My brothers and myself have received a Last Will and Testament. After almost a year of my fathers passing, his girlfriend, who he was never married to, but were together for 19 years, went to her local courthouse and filed the will for safe keeping. At that time, she was charged with (Without going in full detail) pc 171b(a)(1). The date of the will is signed September 12th of 2012. He passed October 2nd of 2012. In which he had a stroke September 30th and was basically unconscious and passed in his sleep a few nights later. During the time of the will being signed, he was on a pain patch implanted in his back. Where every other hour or two, the patch released morphine and other drugs. He would be in and out of sleep most of the day and night.

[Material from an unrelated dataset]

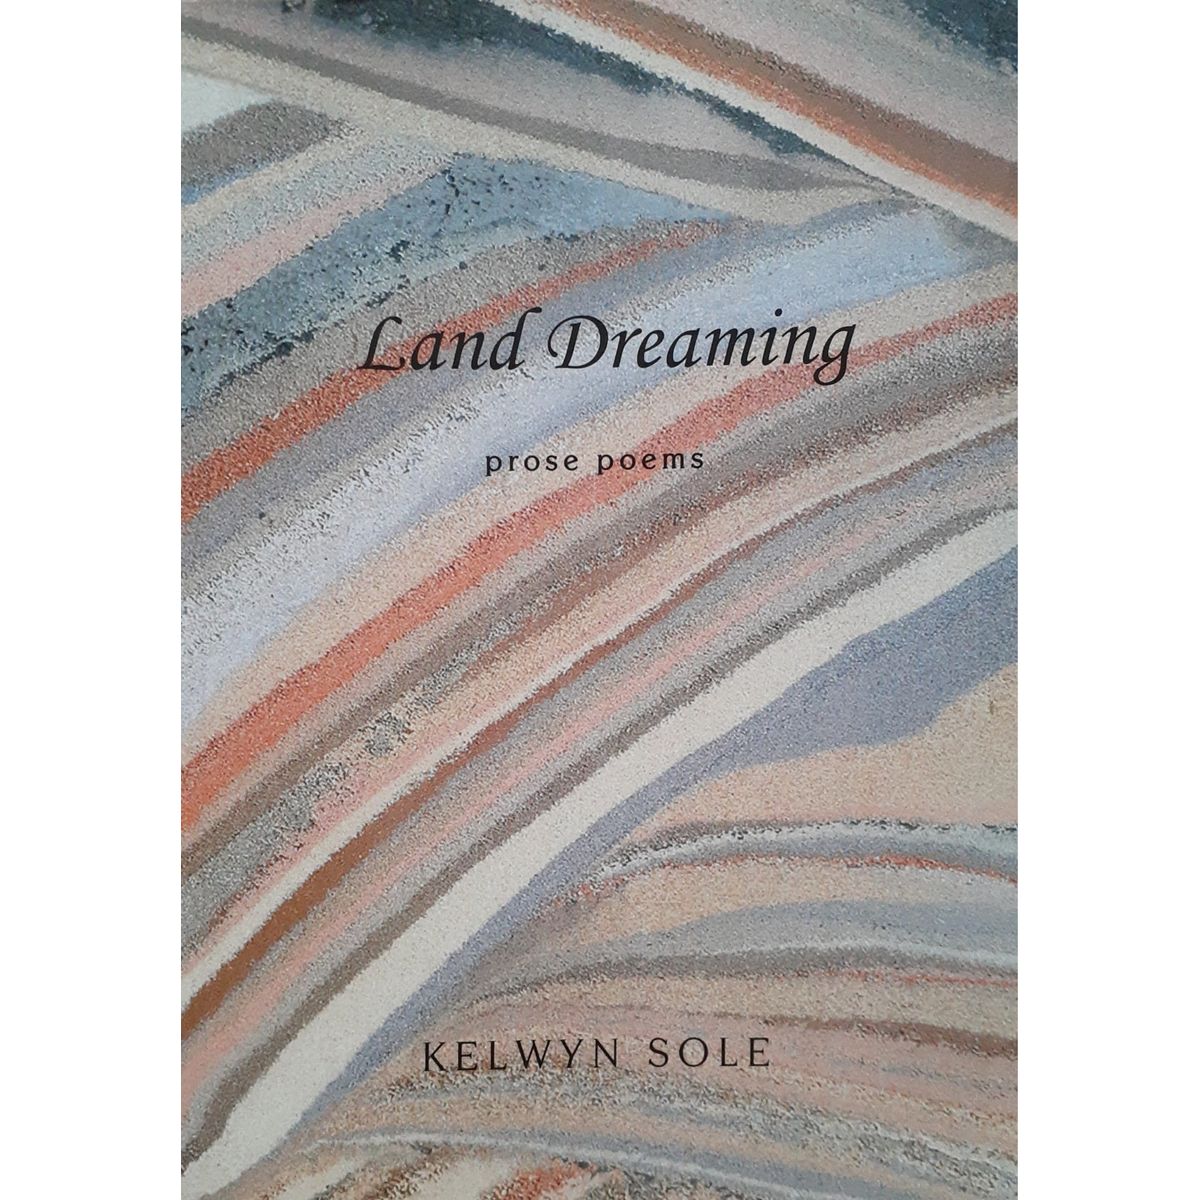 ISBN: 9781869140786 / 1869140788 - Land Dreaming: Prose Poems by Kelwyn Sole [2006]

I apologize for not giving full detail. I was in the process of writing out the full question, but I was given an error and the page reloaded on me. My question is, what can we do to contest a will in which we believe my father was under duress and undue influence during the time of him signing the will? We do not know what to do, what steps to take and where to go from here. She has already sold many things of my fathers, in which has resulted in at least 80,000$ or more. Including his car and other things. The will that was given to us is not notarized, nor initialed from my father. Just his signature. We believed at first that the signature was not authentic, but because of him being heavily medicated with morphine and other drugs, this could have caused the signature to not look authentic or invalid. We are trying to carry out our fathers will, but we are not able to do so with such limited information because his girlfriend is refusing to speak, communicate or keep in contact with us.
Estate Planning Attorney
Your father's girlfriend should have have been able to sell anything of your father's unless she petitioned the court to probate the will and received Letters. If this was the case you should have received notice of that petition. Do you know what assets your father had? Did he own a home? Bank accounts? Did he have a pension? I strongly suggest you wait no longer and either file a petition for probate or a petition to determine entitlement (based on the overall value and assets of your father's estate) and bring all of this to the light of the court.
Wills and Living Wills Lawyer
You need to retain a probate attorney in the area where your father lived to help you. There are many questionable things going on here according to the information you presented and you need legal advice to protect your interests.
The above answer is not to be considered legal advice and should not be relied upon as such. You should consult your attorney for specific legal advice as to your individual situation.
I am sorry to read of your father's passing. It is not unusual for a man to leave his estate to his long term companion. That they were not married does not really matter. To set aside the will, you need to prove either your father lacked capacity (being on paid medication or having a stroke are not enough, absent more facts) or the will was the result of undue influence. The latter is extremely hard to prove, since he lived with this woman for 19 years. In short, you have a large evidentiary burden to overcome. Unless the estate is large, or a doctor treating your father at the time the will was signed is willing to say there was no chance your father was able to sign a will at the time, your successful challenge of the will is unlikely.